When the familiar call for human solidarity suddenly becomes strange, and we have to learn new things about the relations among human beings; when, contrary to universal custom and tradition, even travellers receive no friendly answer when they knock on moonlit doors, the question must be posed - who is responsible for creating the circumstances such that those who live in comfortable homes, used to receiving the occasional traveller, will not even acknowledge that they are at home, even as:
"Ay, they heard his foot upon the stirrup,
And the sound of iron on stone,
And how the silence surged softly backward,
When the plunging hoofs were gone."
At Ceuta and Melilla and elsewhere in Fortress Europe, there will be no silence surging softly backwards, occasioned by the receding steps of the departing African poor. The phantom-like European listeners, the "empty faces peering from (apparently) empty houses", will have no opportunity tomorrow to say that the plunging hoofs are gone.
They will still have to answer the question that TS Eliot posed - when the familiar is suddenly strange, when the nocturnal traveller can arouse no sleeper by his call, by whom, and by what means, was this designed?
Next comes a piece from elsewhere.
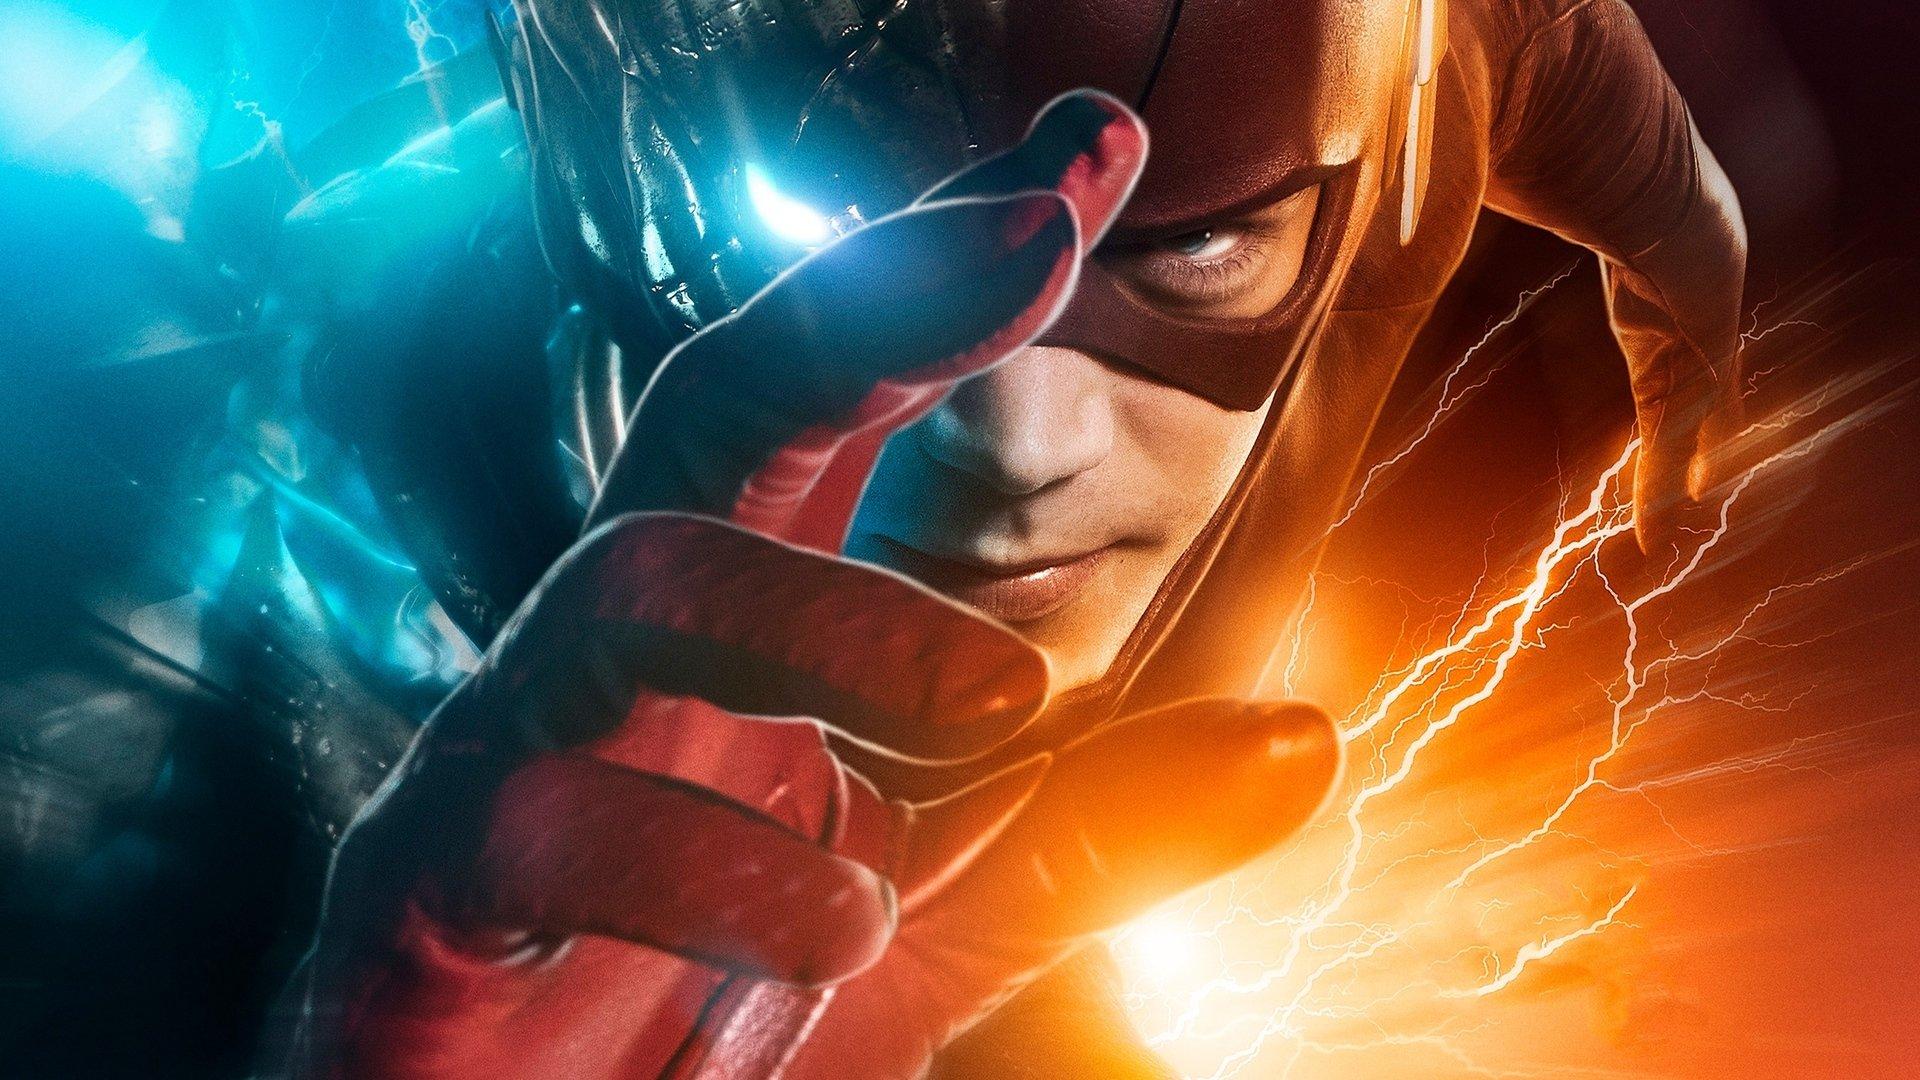 The Flash Hd Wallpaper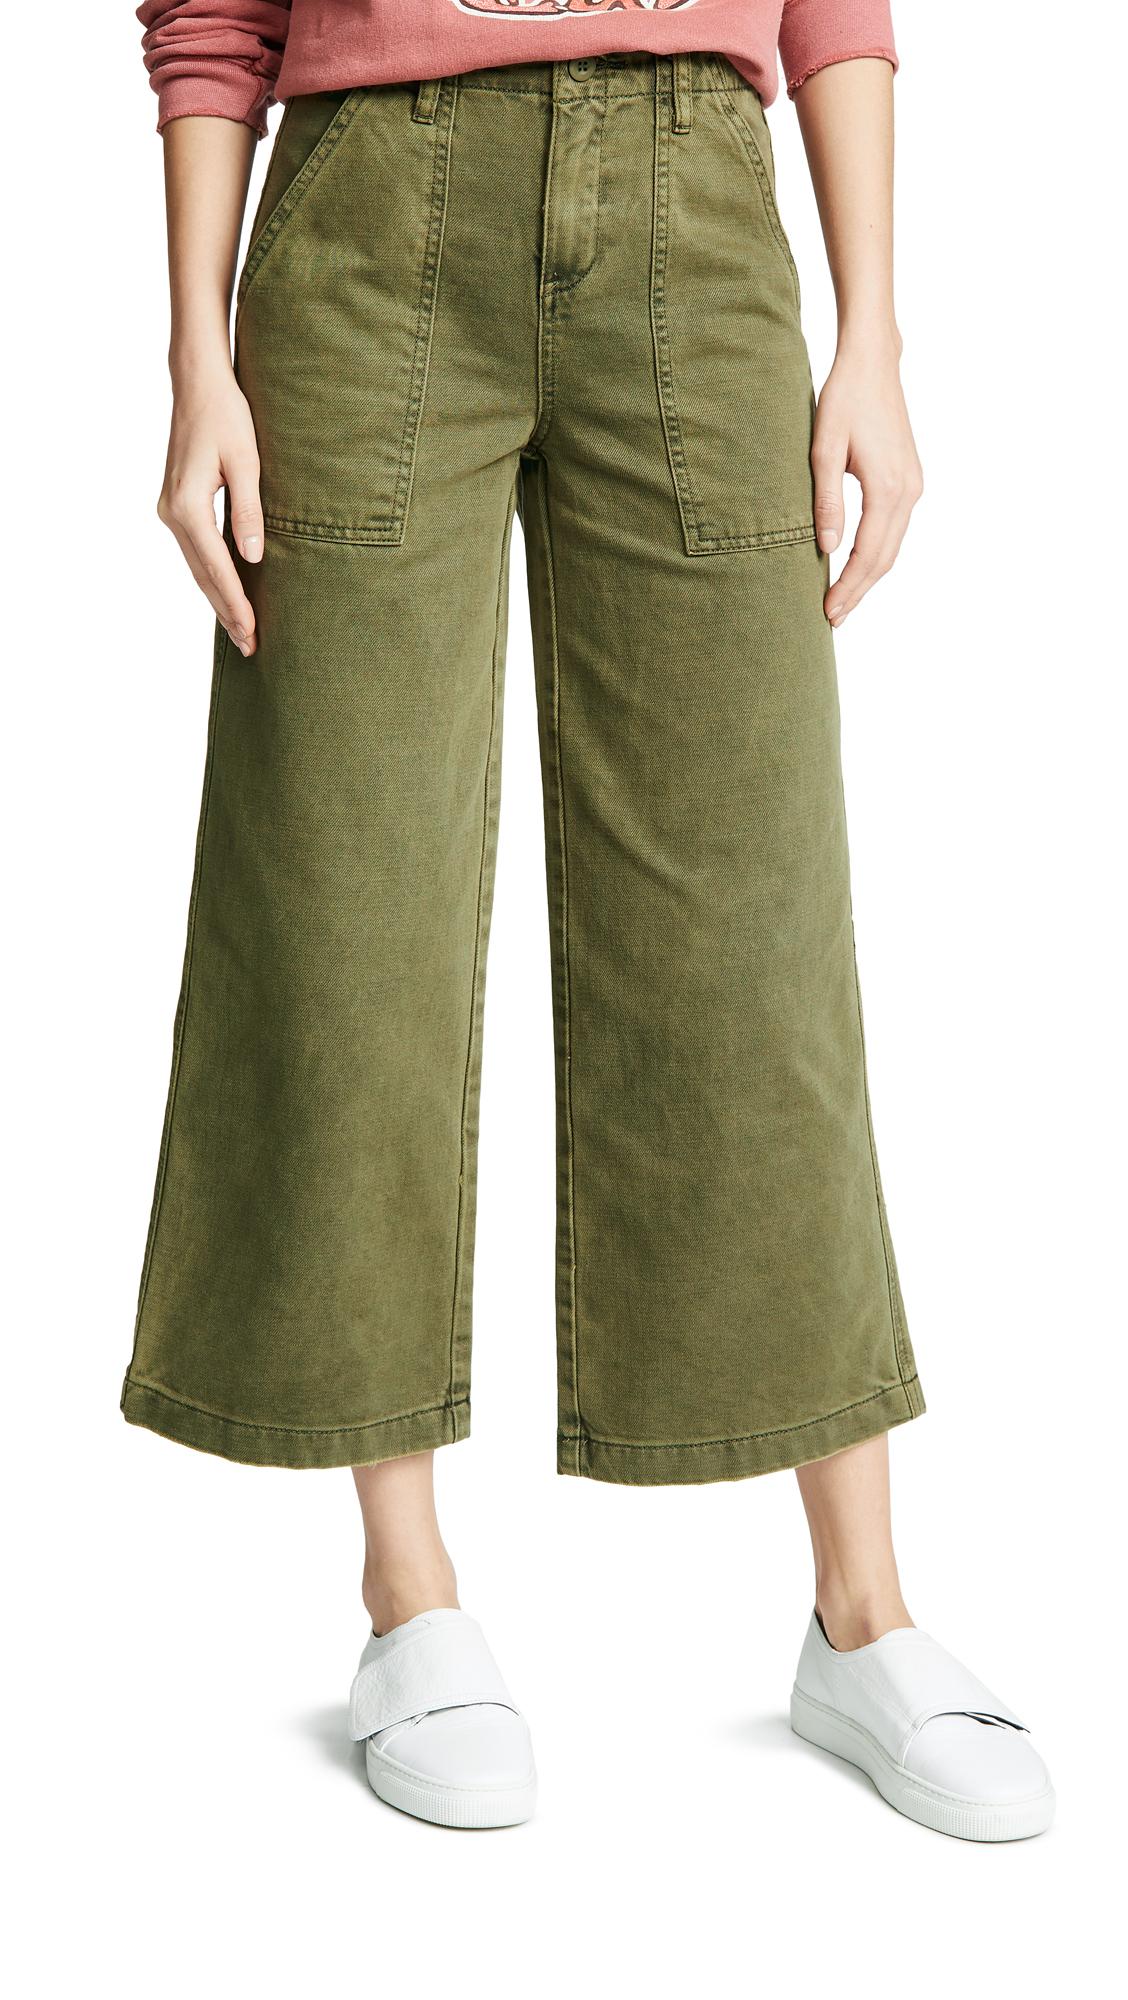 Blank Denim Wide Leg Utility Pants In Sticks & Stones

When the rich close their ears to the cries of the poor, contrary to their own interests, indicating that we have yet to learn what is well known, all humanity will have to answer the question - by whom, and by what means, was this disastrous outcome designed?
The poor will not ride away as did Walter de la Mare's Traveller. The deprived of Africa and the world will not cower like dogs or flitter like bats, when confronted by the prospect of the witches' sabbath of the maiden aunts. They will hammer upon the doors of the rich, including the European rich, for a third, a fourth... time.
Despite the physical barriers, the two worlds of wealthy Europe and poor Africa will continue to meet, and intersect, and change. As they traverse the world, obliged by hunger to cross forbidding deserts and menacing seas, to reach the imagined world of plenty, the itinerant poor, more numerous than ever before, will continue to knock on the moonlit doors calling out -"Is there anybody there?"